To efficiently store strings, we make use of our string_t class.

struct string_t {
    union {
        struct {
            uint32_t length;
            char prefix[4];
            char *ptr;
        } pointer;
        struct {
            uint32_t length;
            char inlined[12];
        } inlined;
    } value;
};

Short strings (<= 12 bytes) are inlined into the structure, while larger strings are stored with a pointer to the data in the auxiliary string buffer. The length is used throughout the functions to avoid having to call strlen and having to continuously check for null-pointers.
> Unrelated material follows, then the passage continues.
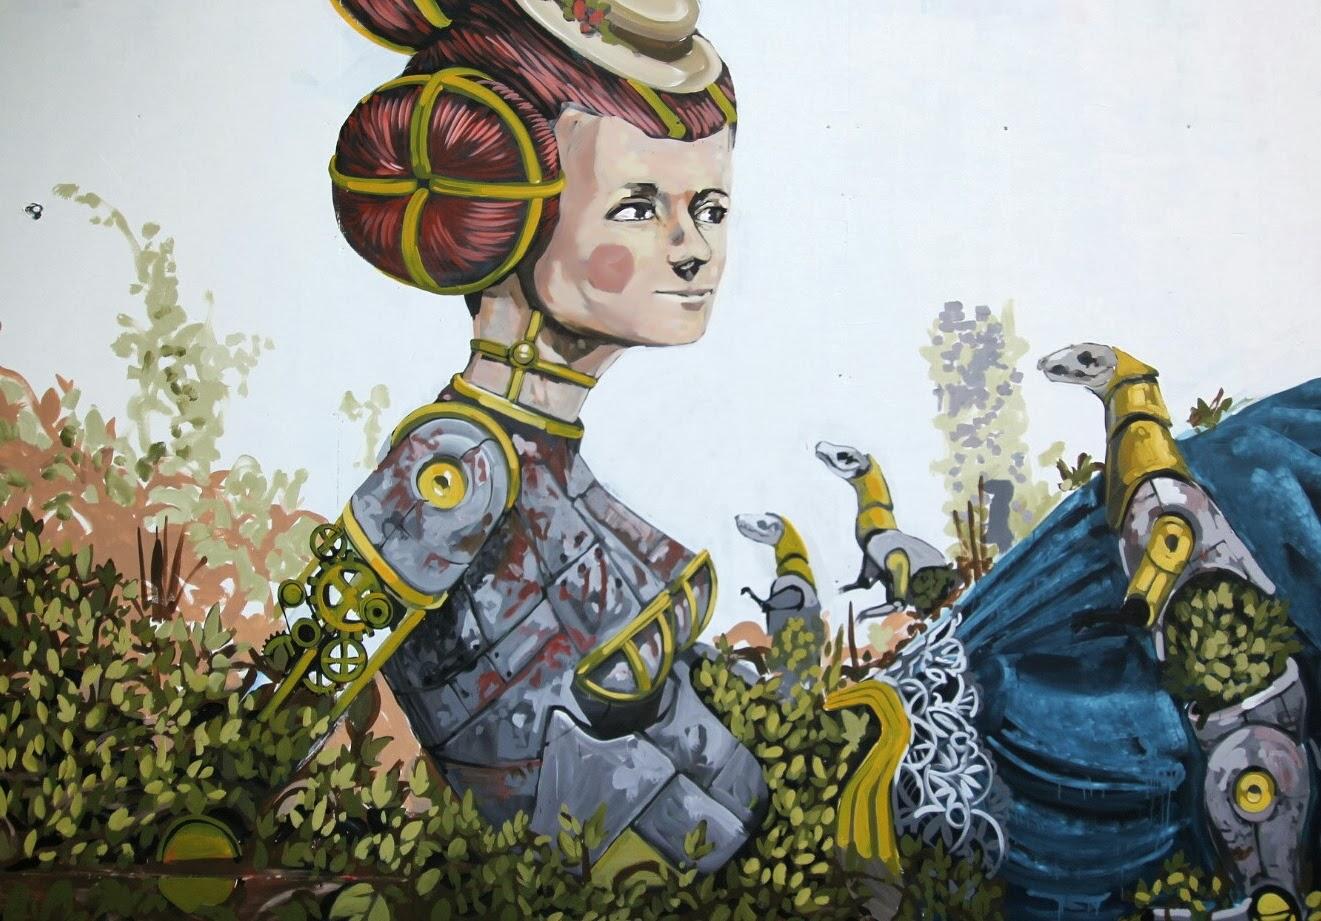 pixel-pancho-new-mural-in-shoreditch-london-03

The prefix is used for comparisons as an early out (when the prefix does not match, we know the strings are not equal and don't need to chase any pointers).

List Vectors

List vectors are stored as a series of list entries together with a child Vector. The child vector contains the values that are present in the list, and the list entries specify how each individual list is constructed.

struct list_entry_t {
    idx_t offset;
    idx_t length;
};

The offset refers to the start row in the child Vector, the length keeps track of the size of the list of this row.

List vectors can be stored recursively. For nested list vectors, the child of a list vector is again a list vector.

For example, consider this mock representation of a Vector of type BIGINT[][]:

{
   "type": "list",
   "data": "list_entry_t",
   "child": {
      "type": "list",
      "data": "list_entry_t",
      "child": {
         "type": "bigint",
         "data": "int64_t"
      }
   }
}